In some compressed air systems, the only pressure control is on the compressor itself - this almost certainly results in too much air consumption and wasted energy and money. Using a pressure regulator can solve this problem; we explain how they work and the different types.
Why have a pressure regulator?
Most tools and many components have an optimum pressure for working; this is invariably less than the operating pressure of the compressor. A device running at 7 bar will consume twice as much air as it would at 3 bar; so, the use of a pressure regulator, to reduce the working pressure, saves energy and money.
Depending on the system design, the inlet pressure of a compressed air system may fluctuate; a pressure regulator will maintain a constant outlet pressure for supply to devices.
How does a pressure regulator work?
The control knob is lifted and turned in a clockwise direction. This compresses a spring, which in turn places the load on the diaphragm assembly. The diaphragm pushes down on a valve pin connected to the valve seat and the seat drops; this allows downstream air flow from the inlet port (P1) out of the outlet port (P2). As air passes down P2 a breathe hole lets air into a chamber below the diaphragm; once pressure either side of the seat is equal, the seat closes with the aid of the sapring.
Downstream demand will cause a pressure drop in the chamber, opening the seat and allowing air to flow again until pressure is once more equalised and the seat closes. The process is continuous, maintaining P2 at a set value.
What types of pressure regulators are there?

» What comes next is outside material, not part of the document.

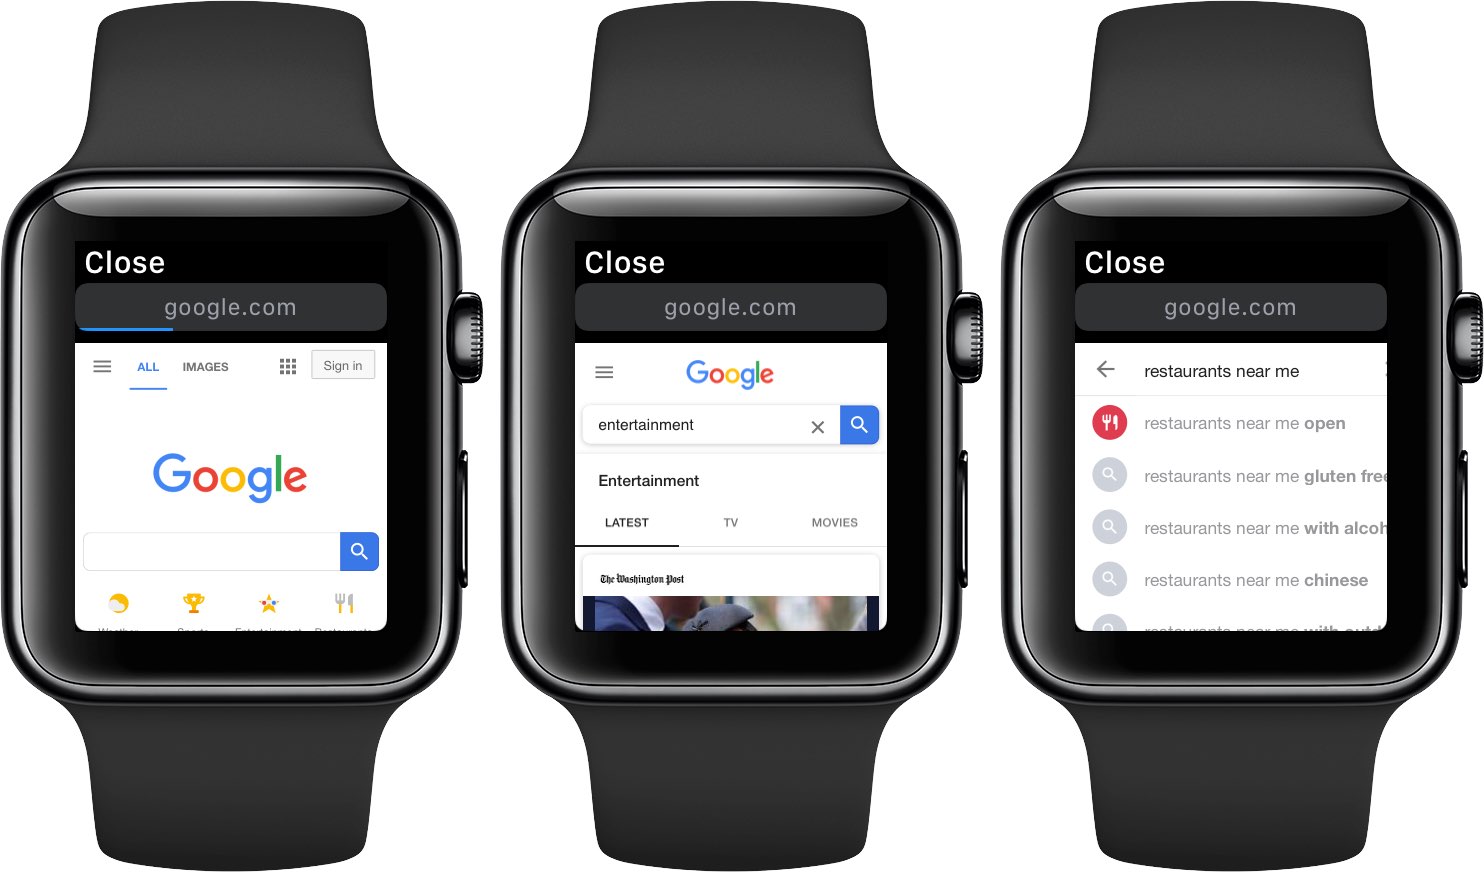 Browsing the web with Google on watchOS 5

Firstly, it is important to stress that a pressure regulator is NOT a flow controller; these are two different animals. In general, there are three types: General purpose, pilot operated and application specific, for example, used in precision instrumentation, reverse flow, brewery and other applications.
- General purpose regulators are usually rated for 20 bar inlet pressure, with an outlet pressure up to 16 bar, dependent on the materials used in construction. A recommended range, over which the performance is repeatable, is always given.
- Pilot operated regulators use air pressure in place of the compression spring discussed earlier. This allows control from a remote position, a force greater than that possible through a hand operated mechanical spring and better flow characteristics.
- Precision regulators, as the name suggests, offer a finer adjustment of pressure over the recommended range. They would be used for the pilot supply to a pilot operated regulator. Some may require specific pre-filtering to, for example, ensure 5-micron oil-free air.
In all cases, pressure should be adjusted from a lower pressure gradually up to the set pressure.
What factors to consider when choosing a Pressure Regulator?
There are several factors to consider in choosing the correct Regulator for an application.
- Operating pressure - what is the operating pressure at the input port and the required controlled pressure at the output? What is the precision required in control of the output pressure?
- Flow requirement - as said above, a pressure regulator is not a flow controller, but clearly, there is a relationship between the two. All manufacturers will provide a graph showing flow as a function of pressure and it is important to make sure the required flow range is in a linear part of the line.
- Operating fluid and environment - whilst we focus on compressed air as the medium, there are many applications with other gases; it is important that particularly the seals are resistant to any non-inert medium. The environment will impact choice; for example, in a hostile environment, it is likely that pilot operation will be required, so adjustments can be made remotely.
- Operating temperature - materials chosen will be different for applications outside in the arctic circle, compared to a furnace!
- Size and weight - some applications, for example medical, may have restrictions on these physical parameters.